Hardware requirements for Hyper-V
If you are creating a failover cluster that includes clustered virtual machines, the cluster servers must support the hardware requirements for the Hyper-V role. Hyper-V requires a 64-bit processor that includes the following:
- Hardware-assisted virtualization. This is available in processors that include a virtualization option—specifically processors with Intel Virtualization Technology (Intel VT) or AMD Virtualization (AMD-V) technology.
- Hardware-enforced Data Execution Prevention (DEP) must be available and enabled. Specifically, you must enable Intel XD bit (execute disable bit) or AMD NX bit (no execute bit).
For more information about the Hyper-V role, see Hyper-V Overview.
Deploying storage area networks with failover clusters
When deploying a storage area network (SAN) with a failover cluster, follow these guidelines:
Confirm compatibility of the storage: Confirm with manufacturers and vendors that the storage, including drivers, firmware, and software used for the storage, are compatible with failover clusters in the version of Windows Server that you are running.
Isolate storage devices, one cluster per device: Servers from different clusters must not be able to access the same storage devices. In most cases, a LUN used for one set of cluster servers should be isolated from all other servers through LUN masking or zoning.

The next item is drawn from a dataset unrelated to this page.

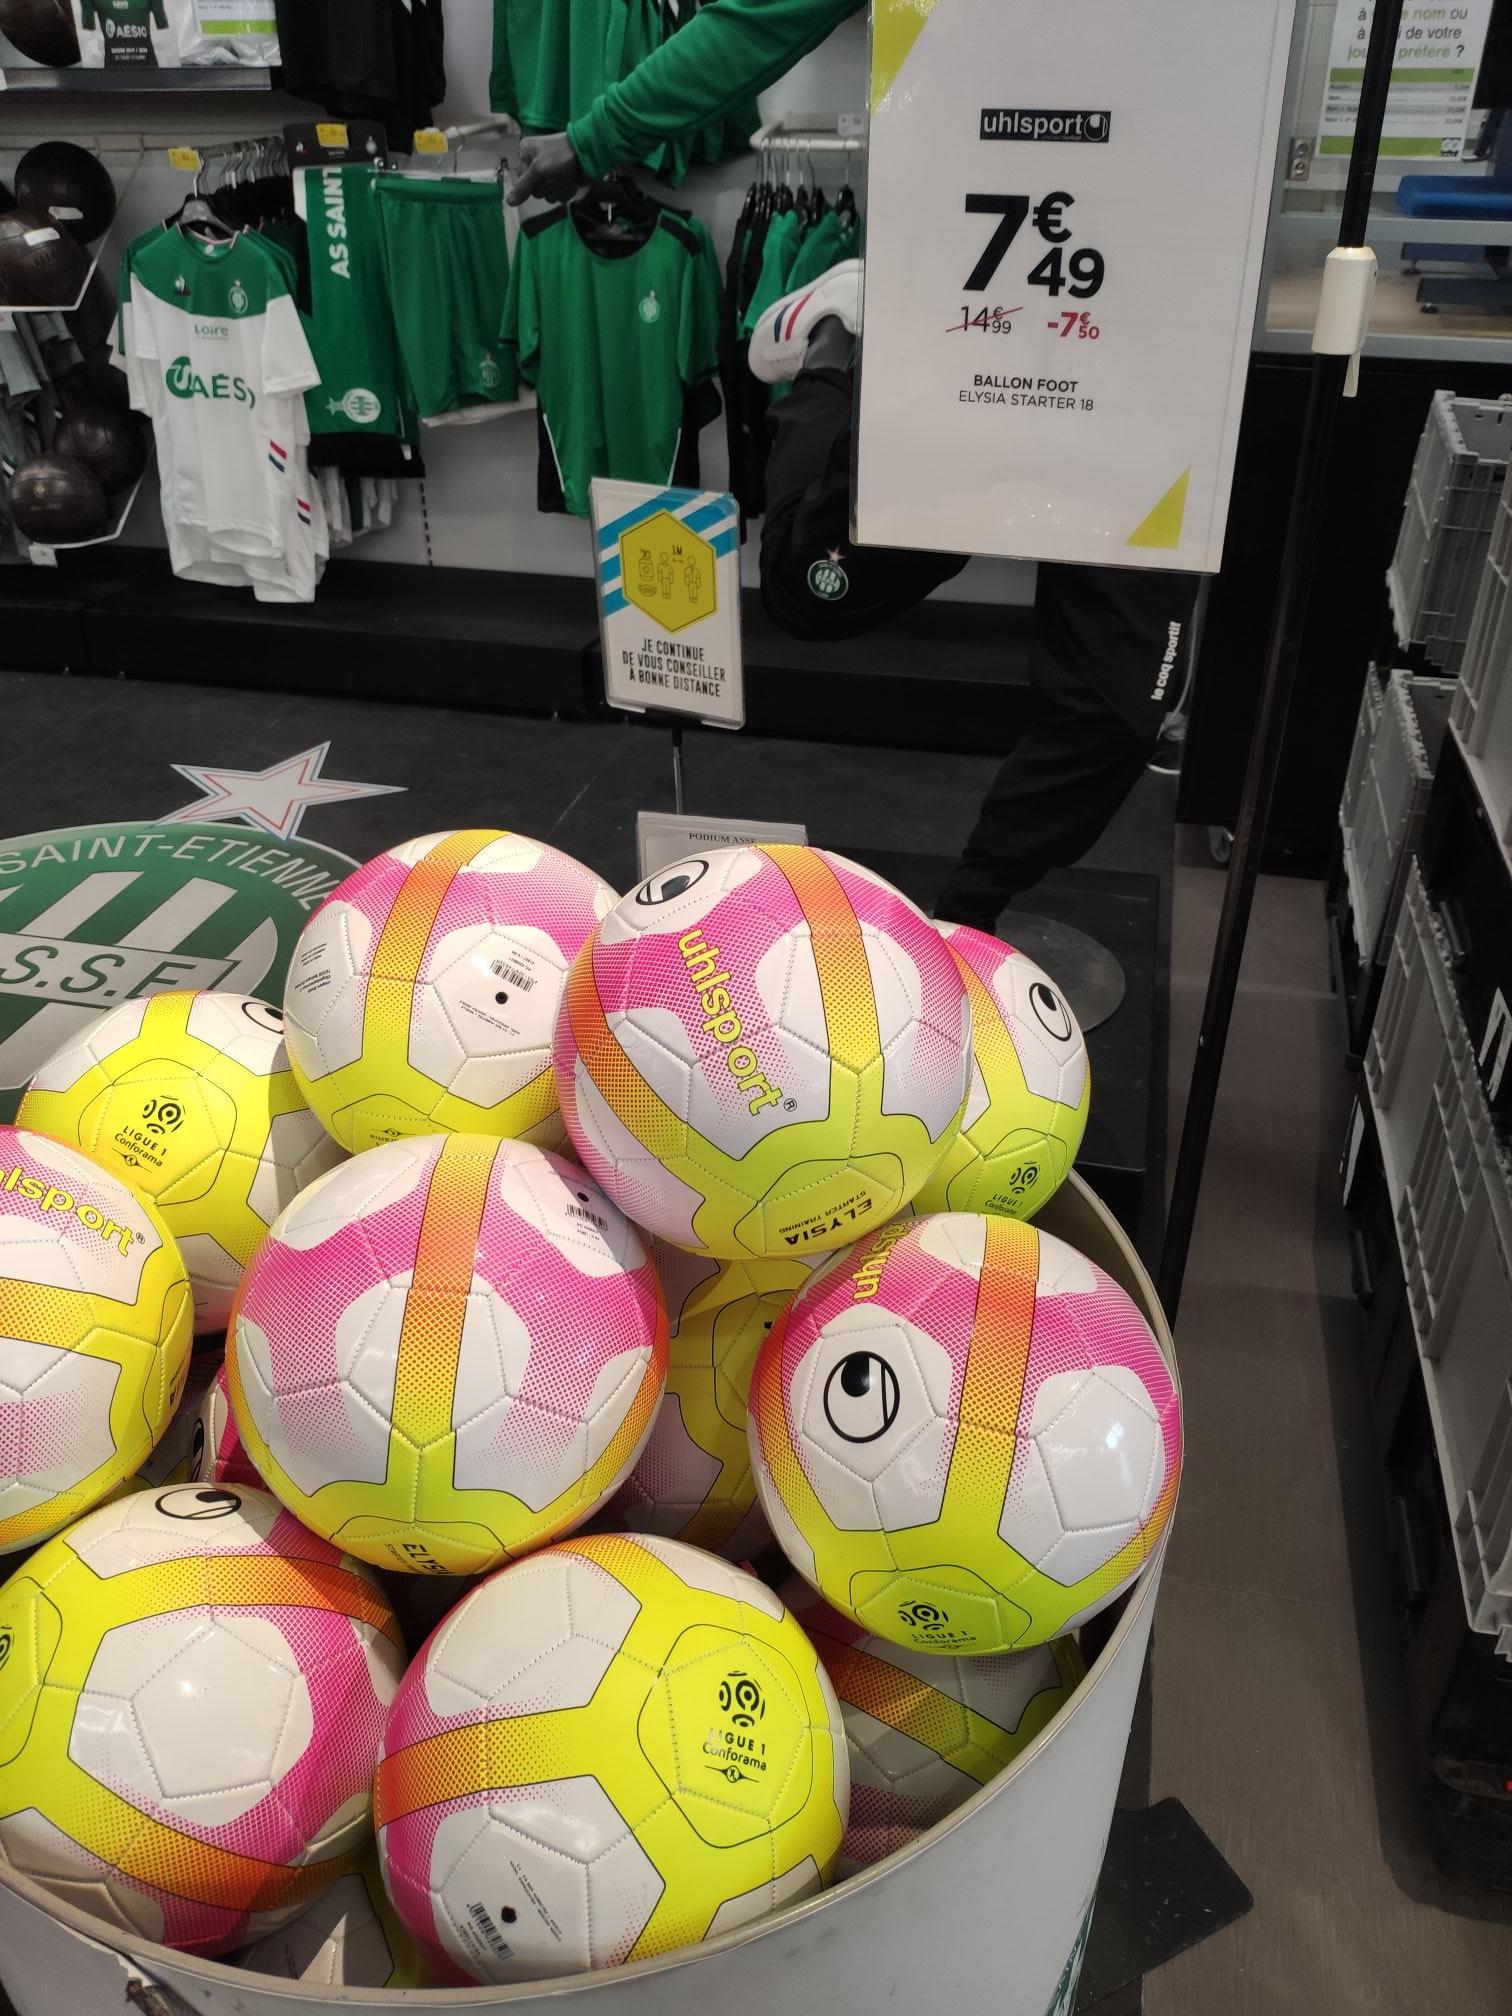 Ballon de Football Uhlsport Ligue 1 Elysia Starter 19 - Saint Etienne (42)

Consider using multipath I/O software or teamed network adapters: In a highly available storage fabric, you can deploy failover clusters with multiple host bus adapters by using multipath I/O software or network adapter teaming (also called load balancing and failover, or LBFO). This provides the highest level of redundancy and availability. For Windows Server 2012 R2 or Windows Server 2012, your multipath solution must be based on Microsoft Multipath I/O (MPIO). Your hardware vendor will typically supply an MPIO device-specific module (DSM) for your hardware, although Windows Server includes one or more DSMs as part of the operating system.
For more information about LBFO, see NIC Teaming Overview in the Windows Server Technical Library.

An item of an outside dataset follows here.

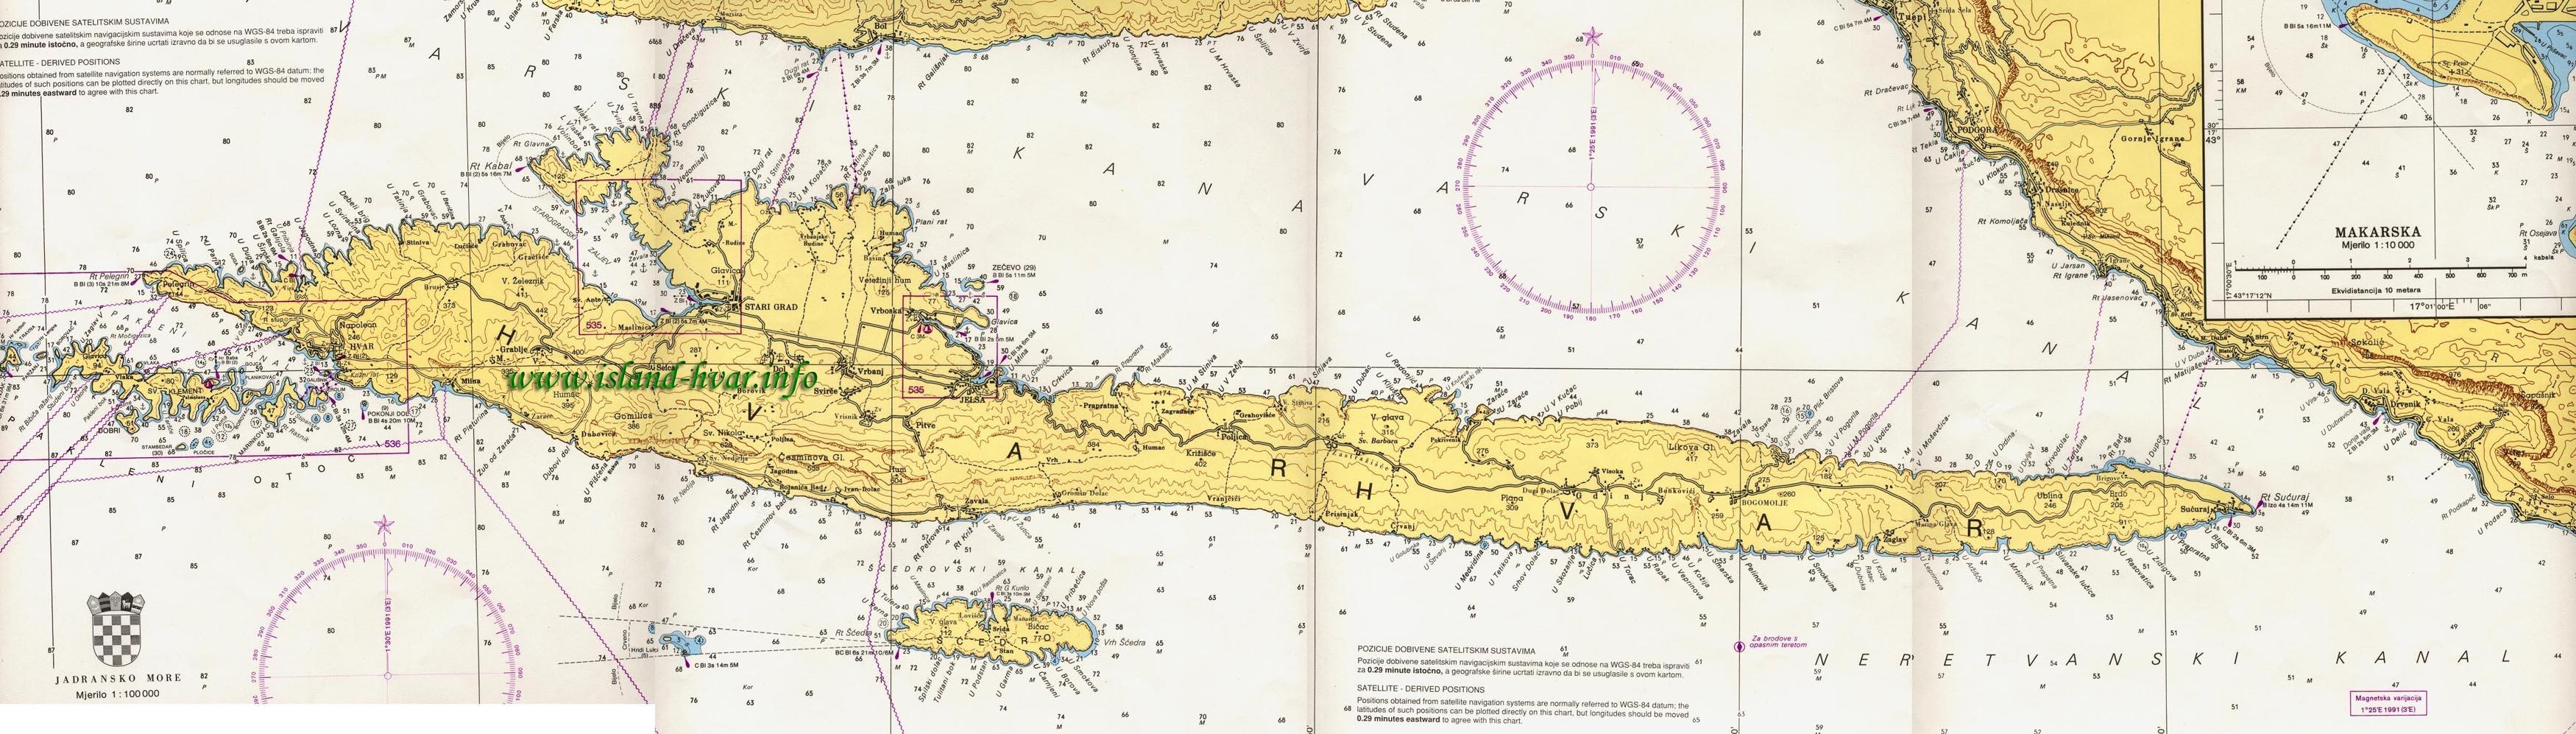 hvar mapa Island Hvar.info   How to reach Hvar? hvar mapa

Host bus adapters and multipath I/O software can be very version sensitive. If you are implementing a multipath solution for your cluster, work closely with your hardware vendor to choose the correct adapters, firmware, and software for the version of Windows Server that you are running.
Consider using Storage Spaces: If you plan to deploy serial attached SCSI (SAS) clustered storage that's configured using Storage Spaces, see Deploy Clustered Storage Spaces for the requirements.